▸ Work instructions
The full listing, exactly as written and with no images, is the expected output.

▸ Material provided
• • • • •
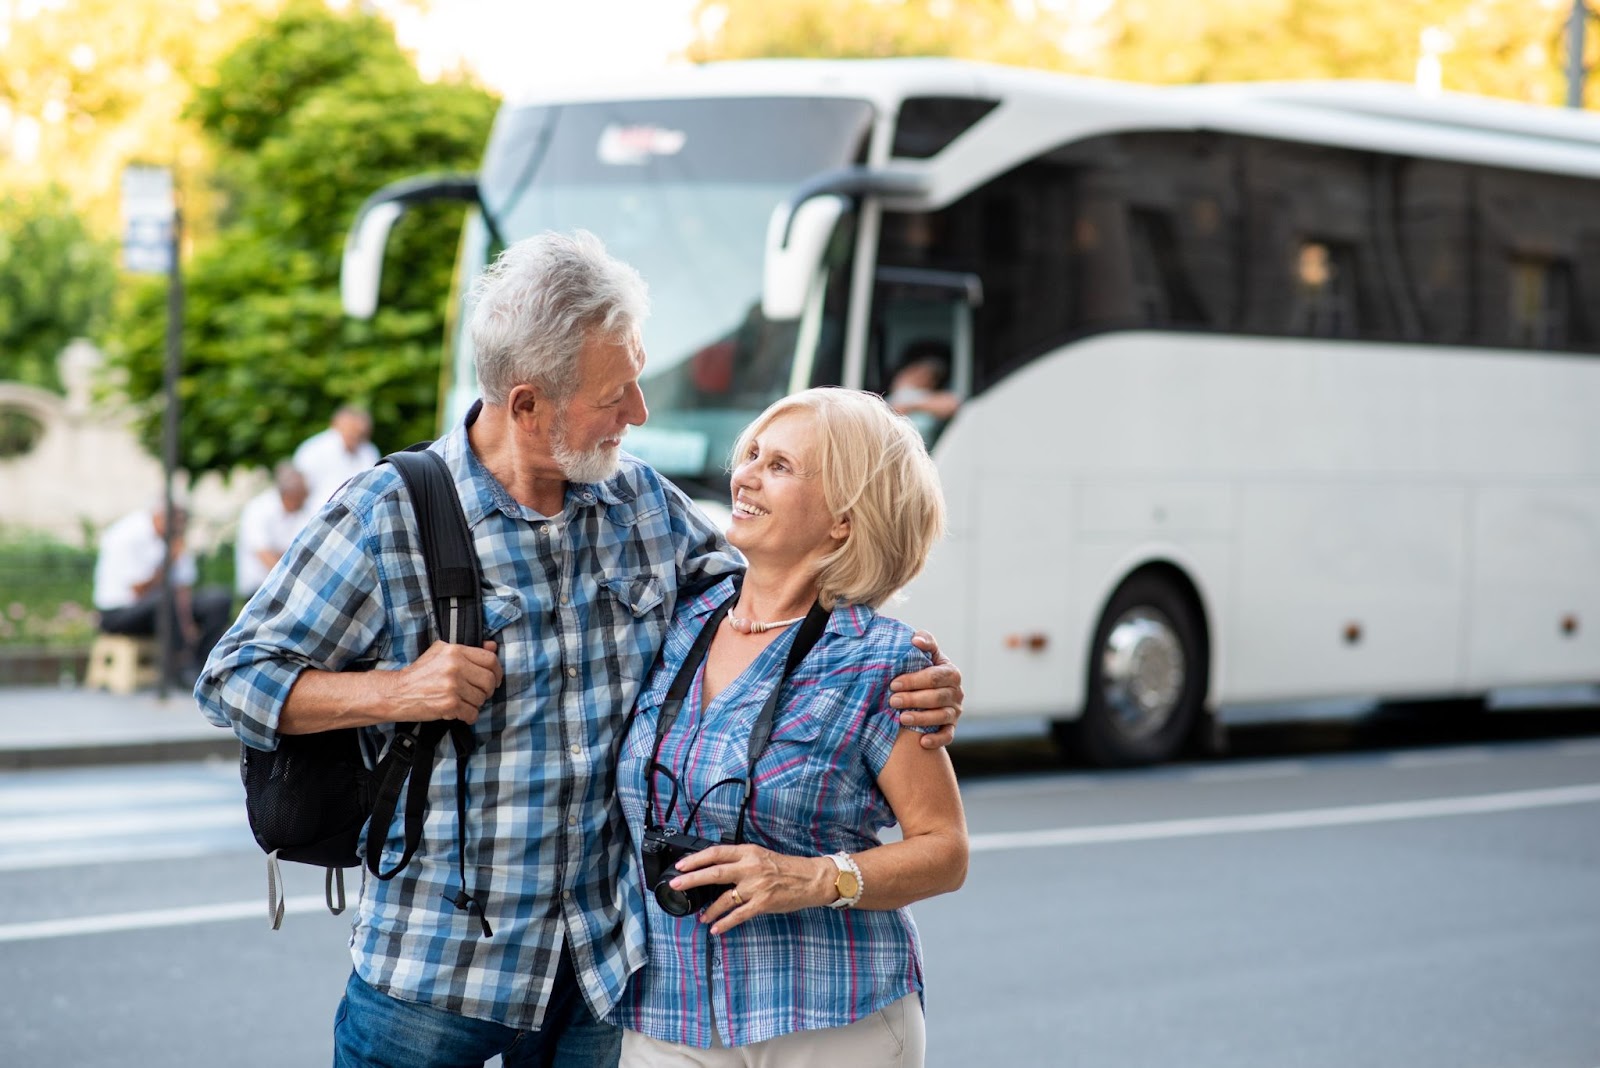 Homem e mulher que parecem ter entre 60 e 70 anos. Eles carregam mochilas e câmeras fotográficas e sorriem um para o outro, abraçados. Ao fundo, aparece um ônibus de viagem branco.
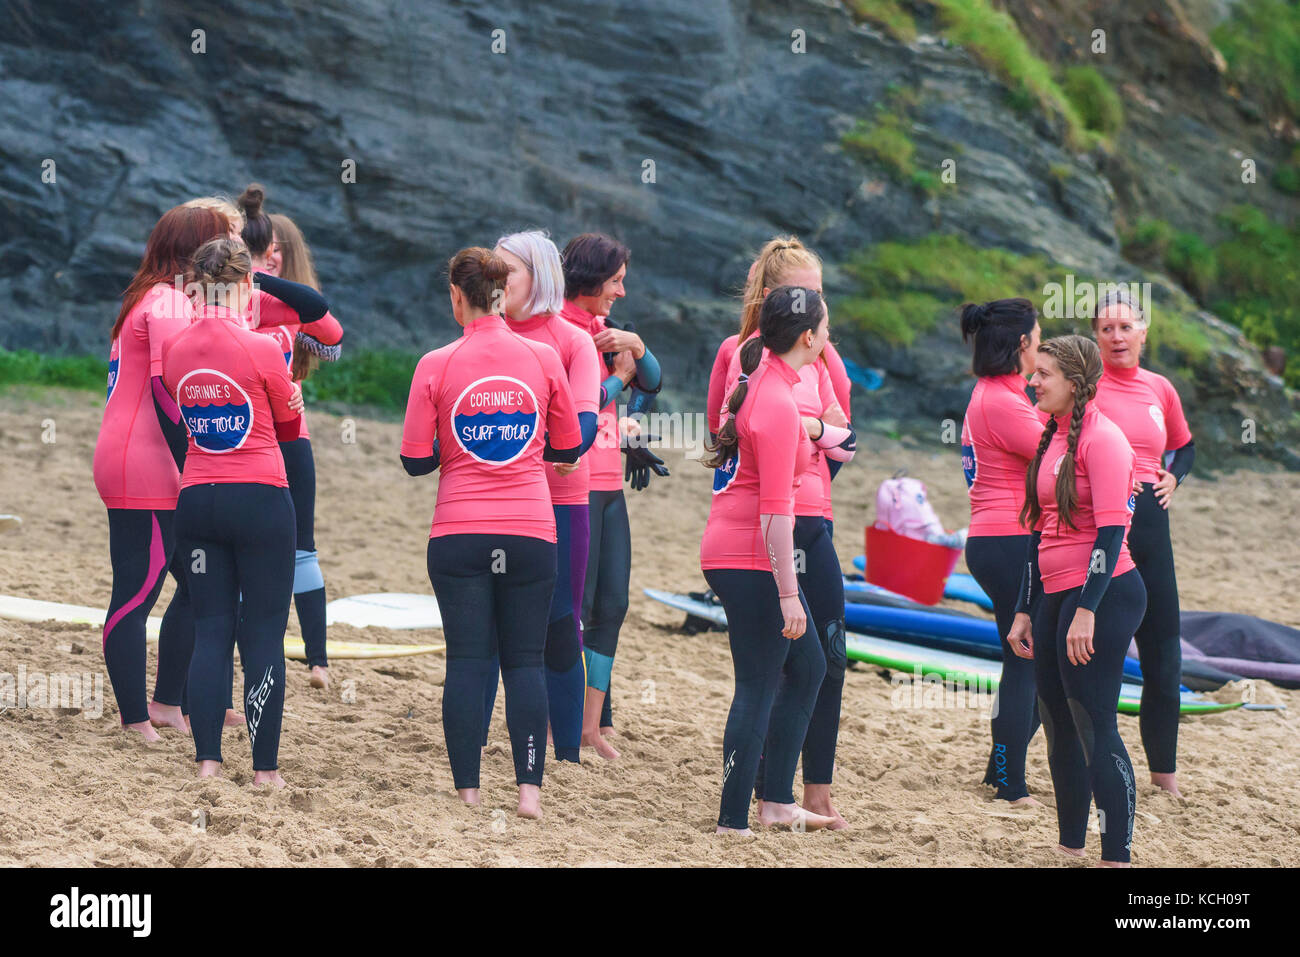 Le donne in attesa di iniziare una Lezione di Surf - Surf Betty's Festival un festival che si tiene a Newquay per aiutare le donne attraverso il surf e il fitness. Foto Stock
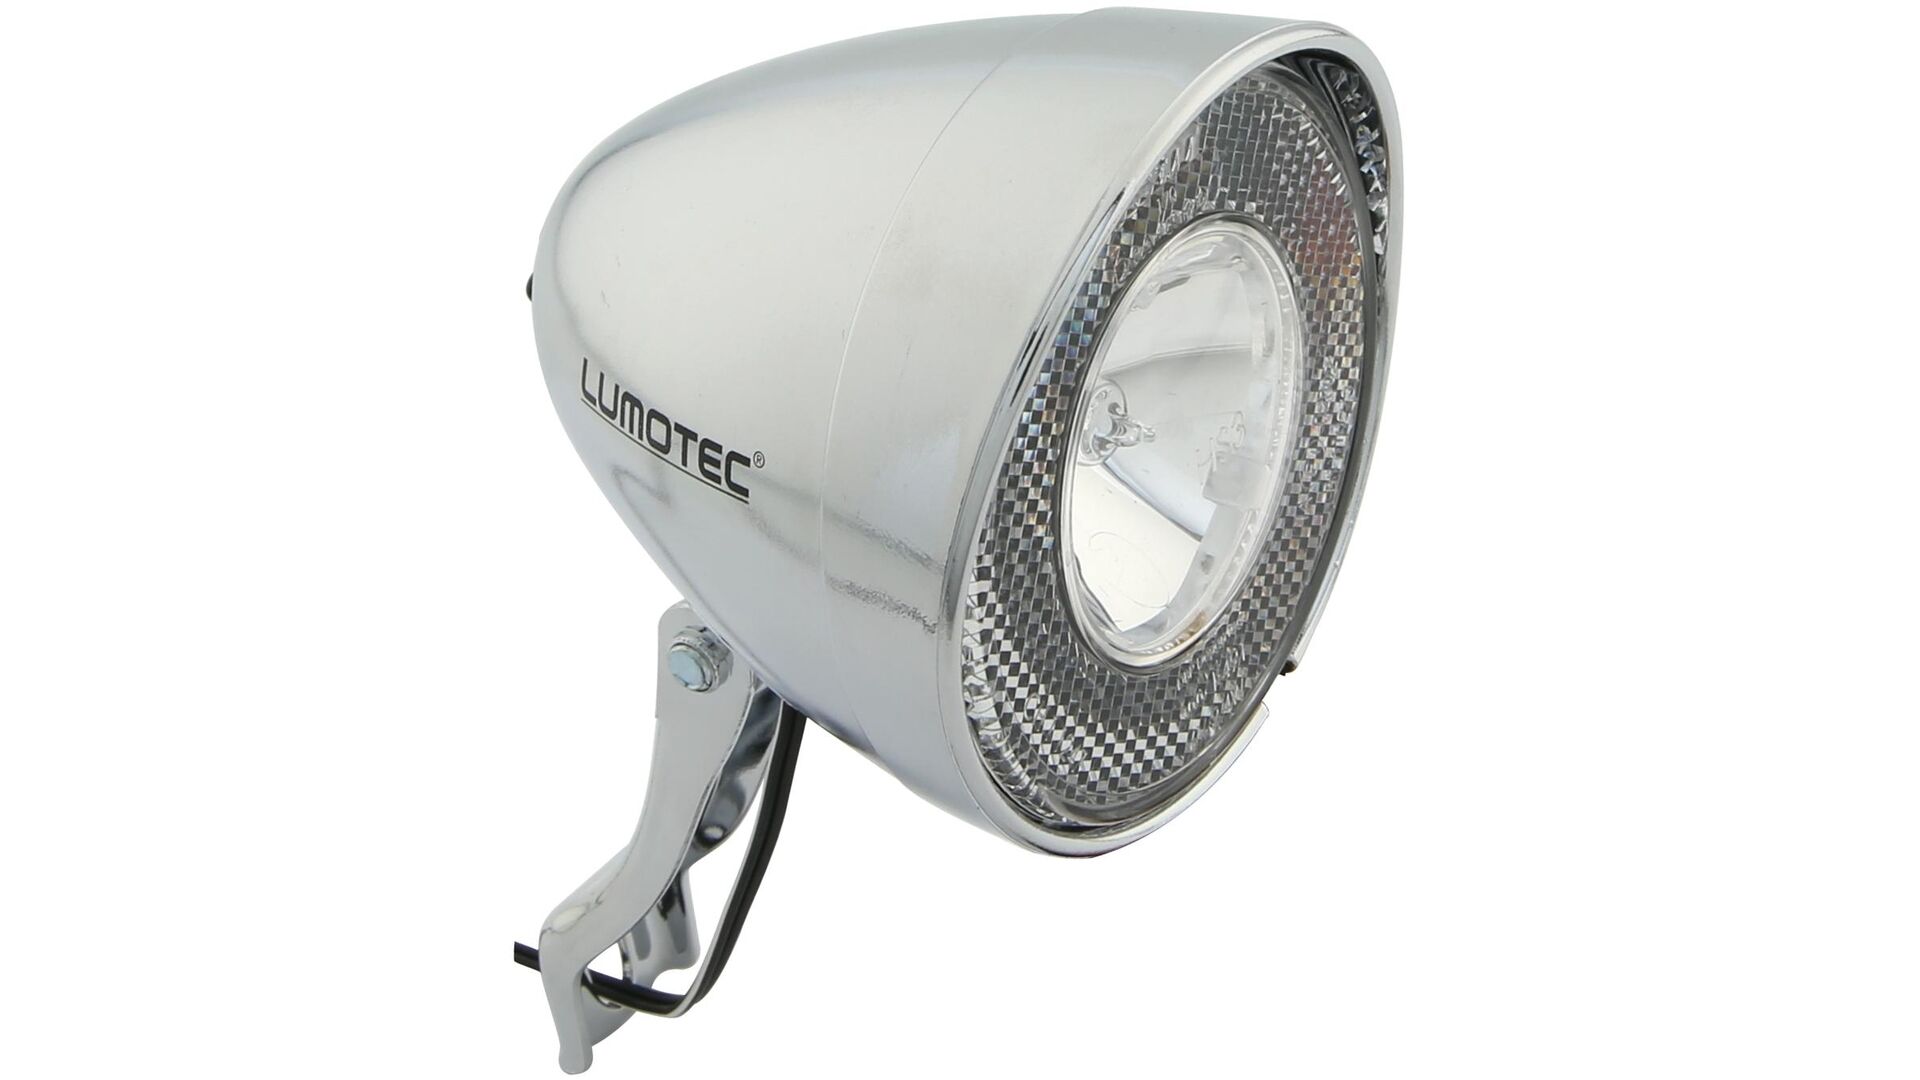 Fahrrad Lampe Scheinwerfer Licht Retro Halogen 10 Lux Schalter
• • • • •
▸ Solution to this task
 Homem e mulher que parecem ter entre 60 e 70 anos. Eles carregam mochilas e câmeras fotográficas e sorriem um para o outro, abraçados. Ao fundo, aparece um ônibus de viagem branco.
 Le donne in attesa di iniziare una Lezione di Surf - Surf Betty's Festival un festival che si tiene a Newquay per aiutare le donne attraverso il surf e il fitness. Foto Stock
 Fahrrad Lampe Scheinwerfer Licht Retro Halogen 10 Lux Schalter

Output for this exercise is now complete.